Шрифт:
Но когда императрице доложили об ответах Девьера, она «изволила повелеть ему, Антону Девьеру, объявить последнее, чтоб он по христианской должности и присяжной объявил всех, которые с ним сообщники в известных причинах и делах, и к кому он ездил и советовал и когда, понеже-де надобно то собрание всё сыскать и искоренить ради государственной пользы и тишины. А ежели не объявит, то пытать...»
И Анна понимала, что сказано это было не самой императрицей, а с подсказки Меншикова. И следовал о том письменный указ.
Девьера пытали, заставляя припоминать малейшие разговоры с важными государственными сановниками.
Анна узнала, что и её подруга и наперсница, дочь Петра Михайловича Бестужева, княгиня Аграфена Петровна Волконская, не выносившая самохвальства Меншикова, тоже оказалась замешанной в это грозное дело.
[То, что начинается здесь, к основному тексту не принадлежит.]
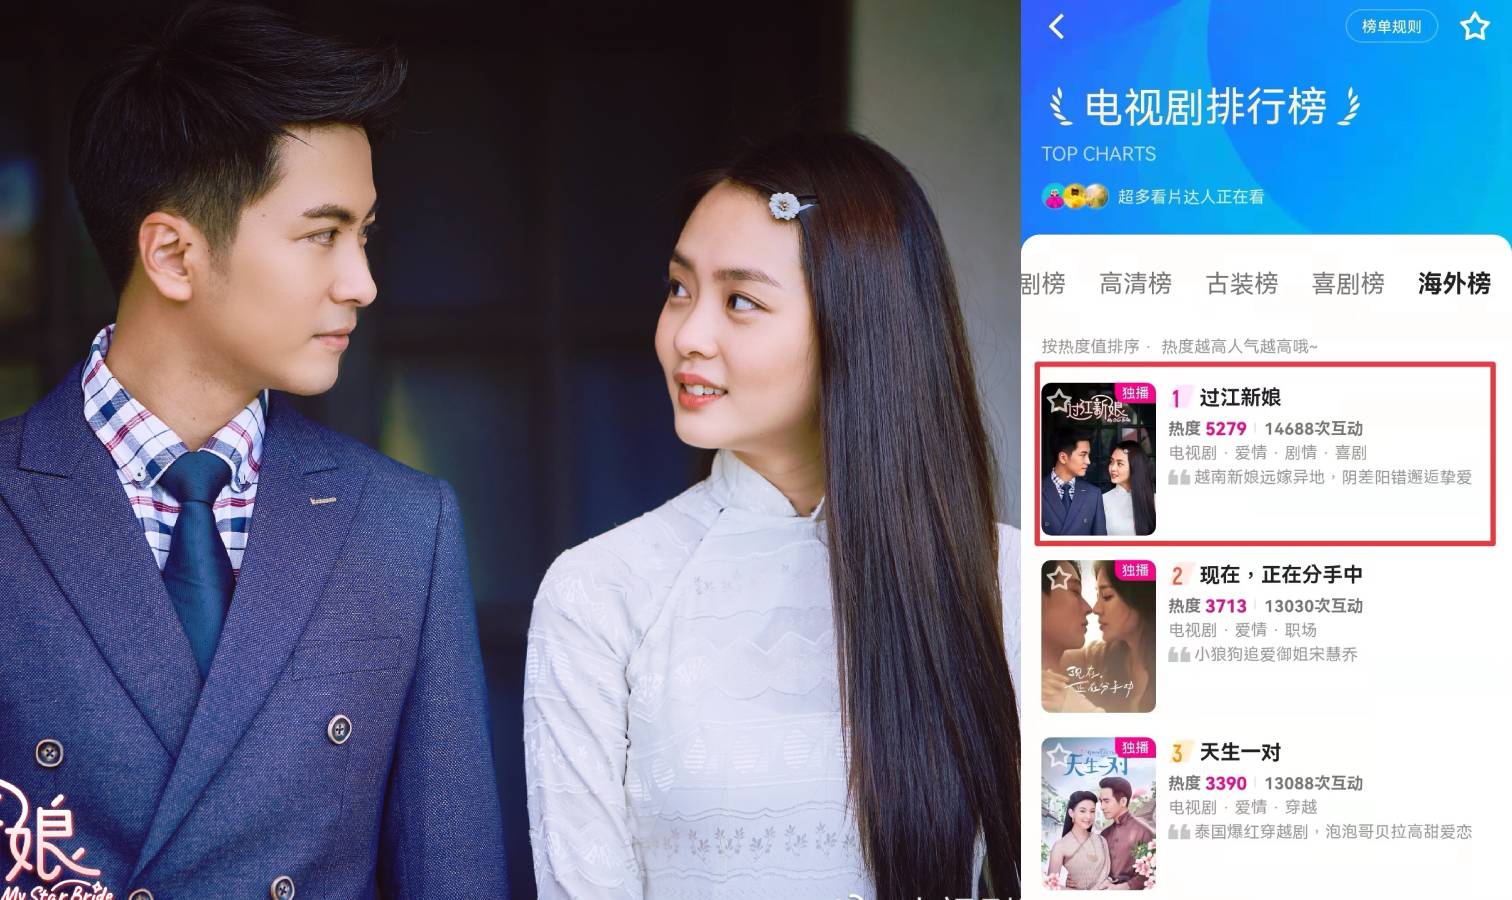 My Star Bride Tops List Of Trending Foreign Dramas On Youku 3 Days After Its Release On The Chinese Video Platform

У неё был свой кружок людей, которые осуждали светлейшего за то, что он забрал слишком сильную власть. Далеко им было до важных вельмож, всё тоже ограничивалось разговорами, но Анна затрепетала: как бы и она не оказалась запачканной, ведь и она позволяла себе иногда пустить стрелу в светлейшего, на которого была особенно зла в связи с неудавшимся сватовством Морица Саксонского.
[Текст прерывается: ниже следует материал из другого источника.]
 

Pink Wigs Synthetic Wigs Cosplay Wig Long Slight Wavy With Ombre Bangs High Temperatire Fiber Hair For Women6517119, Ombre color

Но Меншикову меньше всего нужны были лишние люди в этом деле — погубить он хотел только тех, кто очень мешал ему. А больше всех досаждал бывший союзник и соратник Пётр Андреевич Толстой.
Меншиков подослал к Волконской своего человека с просьбой открыть, что говорил Толстой и известно ли ей, с каким докладом тот хотел явиться к императрице. Аграфена Петровна сразу испугалась и выдала всё, что говорил Толстой. Хотела было подольститься княгиня Волконская к Меншикову, да тут же ей была дана подорожная в Москву и указано жить в своих деревнях или в Москве безвыездна.
Так потеряла Анна верного человека, доставлявшего ей сведения о придворной жизни. Но из других источников она знала всё или почти всё о следствии и суде над Девьером, Толстым и другими лицами, неугодными Меншикову.
Сначала Девьер запирался: никаких сообщников у него нет и ни к кому ни за каким советом он не ездил, не ходил и не советовался ни с кем ни о каких государственных делах, но после пытки сказал, что по возвращении из Курляндии был у герцога Голштинского, у которого спросил, слышал ли он о сговоре великого князя. Тот утвердительно кивнул головой и в свою очередь спросил Девьера, не будет ли это противно интересам её императорского величества. Пытки продолжались, и Девьер начал называть имена и припоминать разговоры — и с Бутурлиным, и со Скорняковым-Писаревым, и с князем Долгоруковым, а потом и с Толстым и Ушаковым.
Всех их привлекли к дознанию...
Вот и выявились главные противники светлейшего, и хуже всего, что в самом центре — герцог Голштинский. А это уже фигура, которую не сбросишь со счетов, ему не предъявишь обвинение, на него не подпишет указа даже умирающая императрица. Значит, думалось светлейшему, надо оставить его в полном одиночестве, чтобы и советоваться было не с кем и линию свою не вёл против Александра Даниловича.
Самым главным поводом для неудовольствия высших сановников было именно это сватовство дочери Меншикова за великого князя Петра.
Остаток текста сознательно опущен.